Saturday, September 29, 2007

 

Snap Election Depends on Tory Conference Outcome

Martin Kettle delivers a broadside against an early election today. He argues that:

In a mere three months Brown has gone a long way to recreating the New Labour coalition that Blair built and then squandered over Iraq. This week's 11-point YouGov lead was probably momentary. Yet the hegemonic centre ground project is back in business, with the Tories shoved to the right, the Liberal Democrats eclipsed and the left effectively destroyed. Some may call the result a one-party state on Japanese lines. A few may even whisper about fascism. Yet what was unmissable at Bournemouth was that, absent an electoral reform that it would not be in Labour's interests to promote, the party's prospects of a 20-year stretch in government look brighter than ever

However, noting that Brown lacks any genuinely independent political adviser, Kettle urges caution and goes on to condemn the notion of a snap election as perhaps a bit too obviously 'expedient, vain and immoral'; Brown runs the risk of appearing to 'cut and run'. A welcome new political blogger, Wyn Grant, from Warwick University weighs in with his analysis:

My sense is that the British public do not like unnecessary elections. Calling one now could seem opportunistic. These arguments would be somewhat weaker next May. Many people in the Labour Party think that Gordon Brown should cash in on his poll lead while he can. But in some ways I think that the poll lead is a mirage. There is a 'Brown bounce', but the polls are also recording a 'bandwagon' effect. Brown's lead could easily evaporate in a campaign or he could end up with a smaller majority or no majority at all.

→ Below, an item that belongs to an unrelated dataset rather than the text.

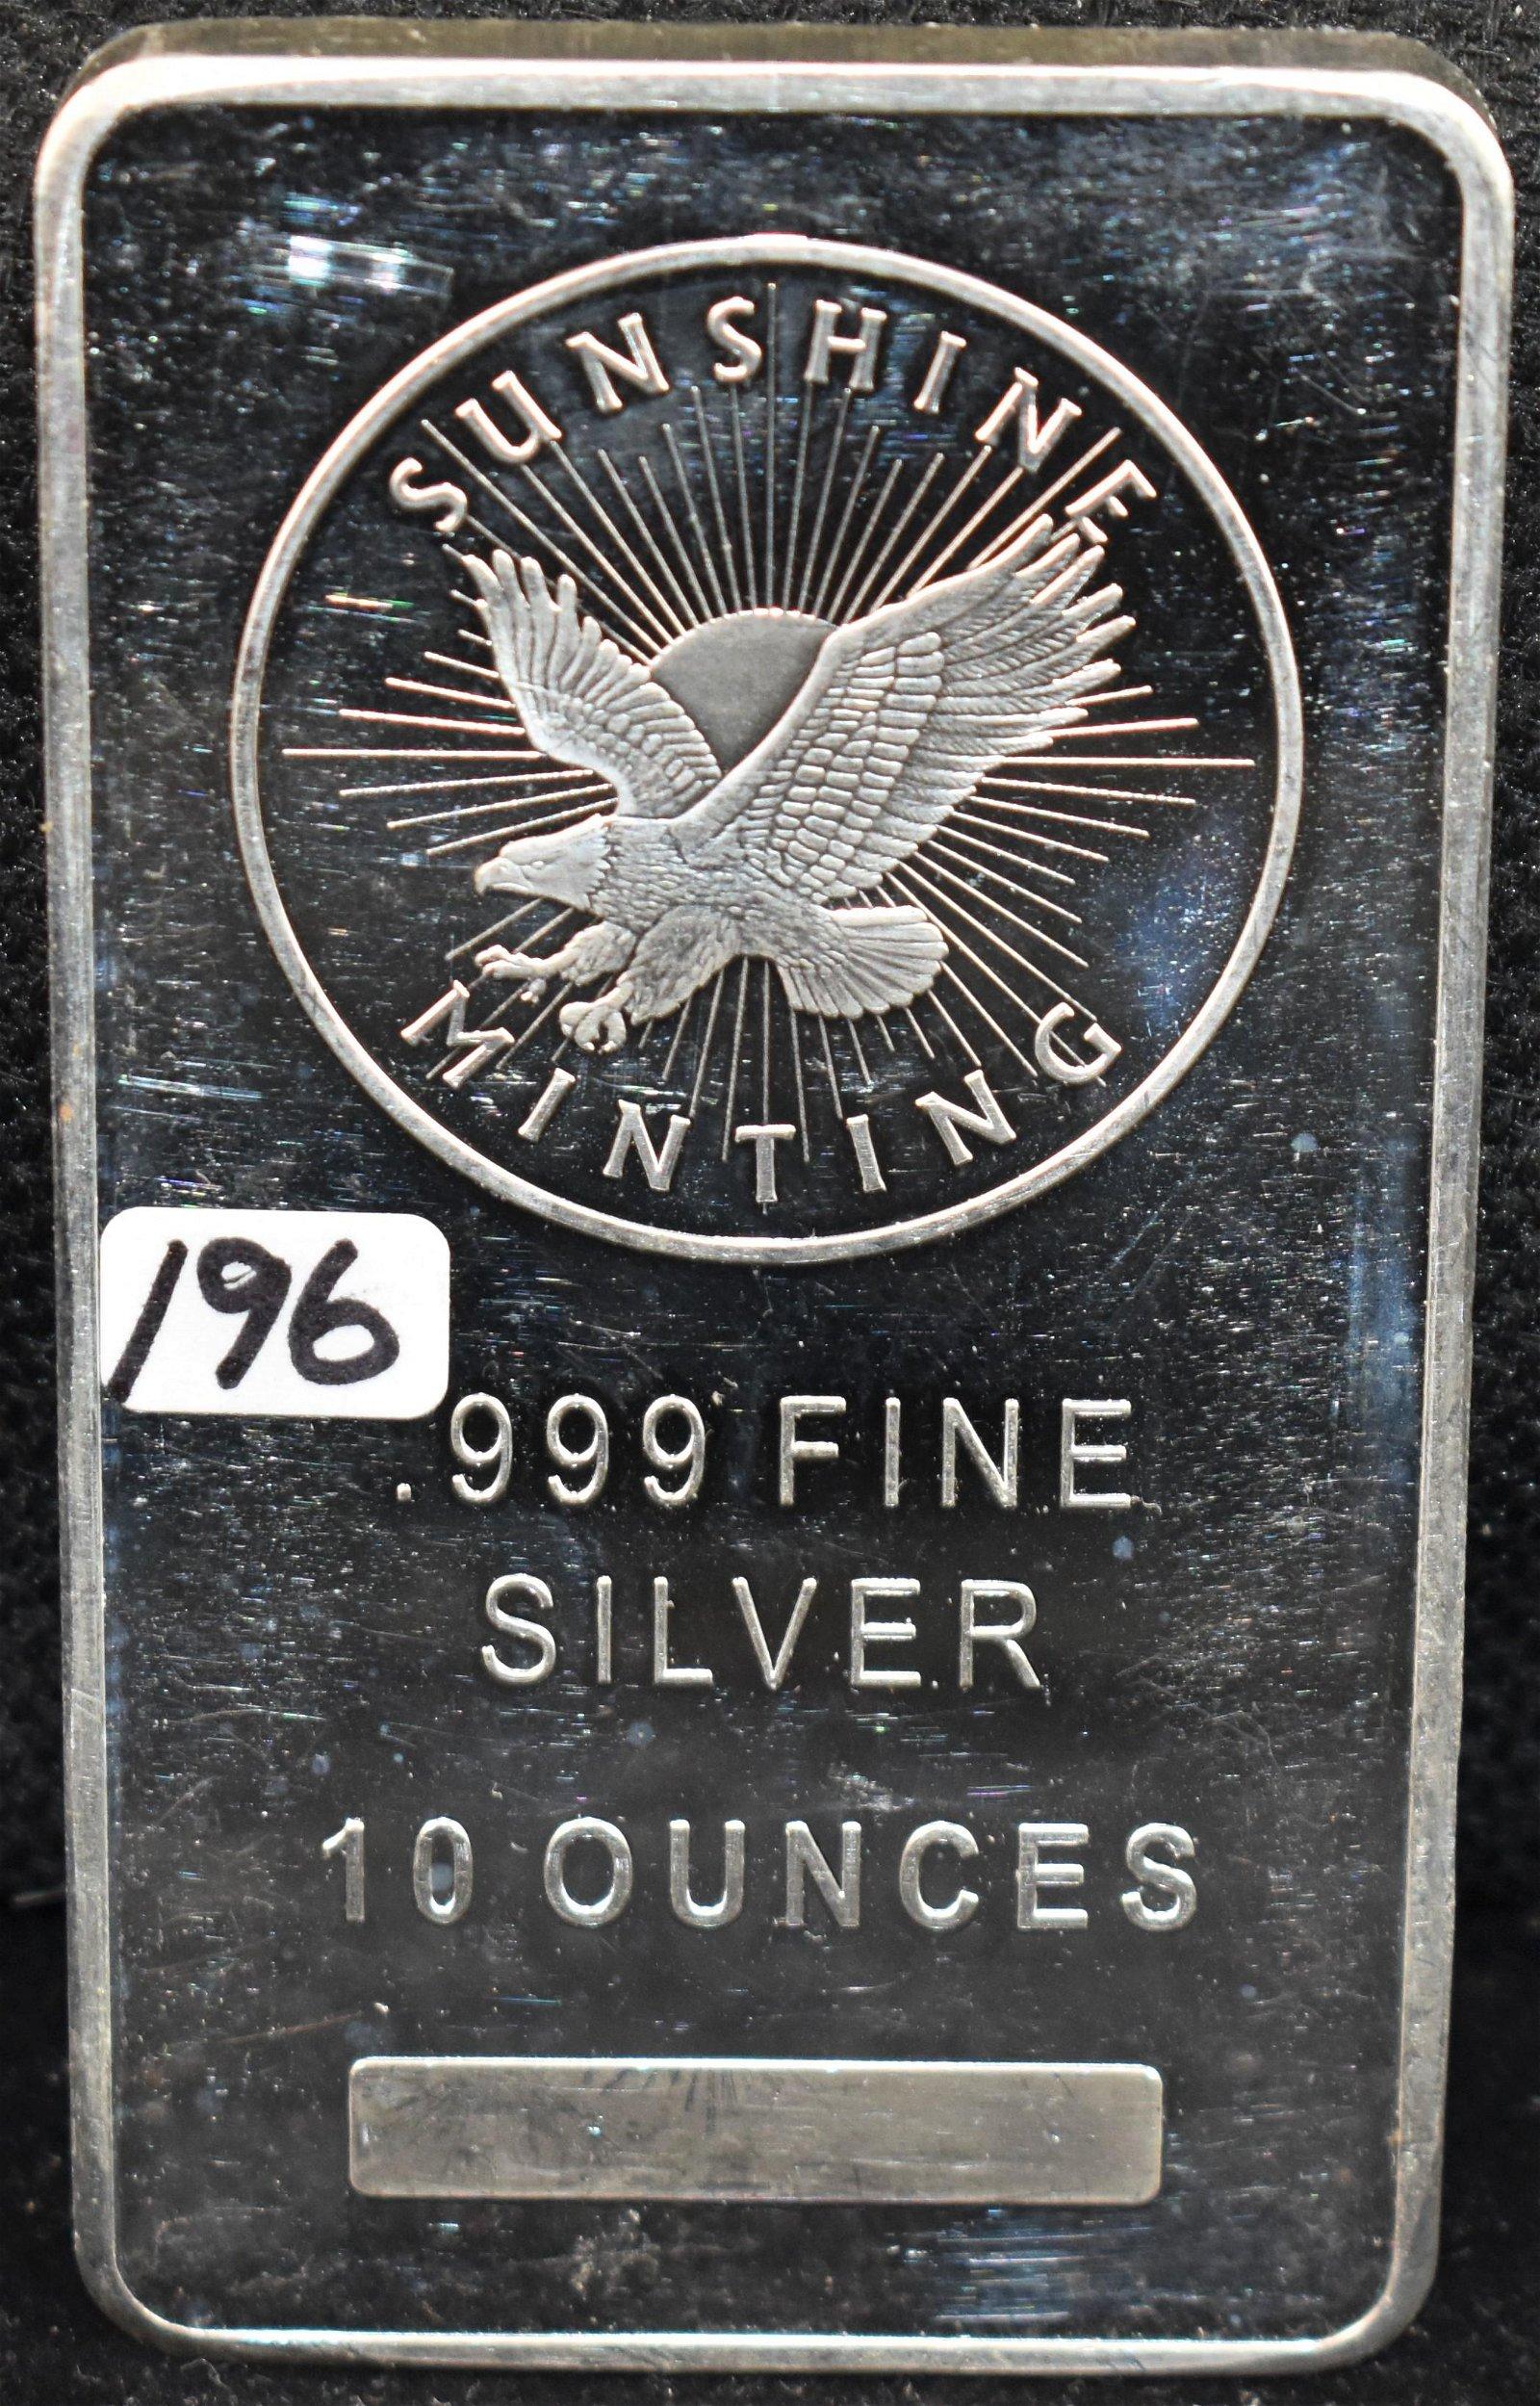 SUNSHINE MINTING 10 TROY OZ 999 FINE SILVER INGOT

But the siren songs of the polls are hard to resist. The Telegraph flags up another huge Labour lead and Peter Riddell in today's Times hardly offers dissuasion in analysing its Populus poll:

Moreover, the poll suggests that Mr Brown has a clear edge over Mr Cameron on key leadership attributes: by 59 to 30 per cent on having what it takes to be a good prime minister, and by 60 to 45 per cent on caring about the problems ordinary people face.

Finally, that excellent site Political Betting suggests that the polls are now too good to pass up and that Gordon will suffer a backlash if he fails to show courage which has failed him in the past when crucial decisions have come up. Whether or not he takes the gamble depends, I suspect, on how the Conservative conference goes. Any overt wobbling, division or gaffes might just tip the balance for Gordon to tilt for that already mentioned ambition of another 20 years in power. Cameron had better hold his nerve in his biggest test to date.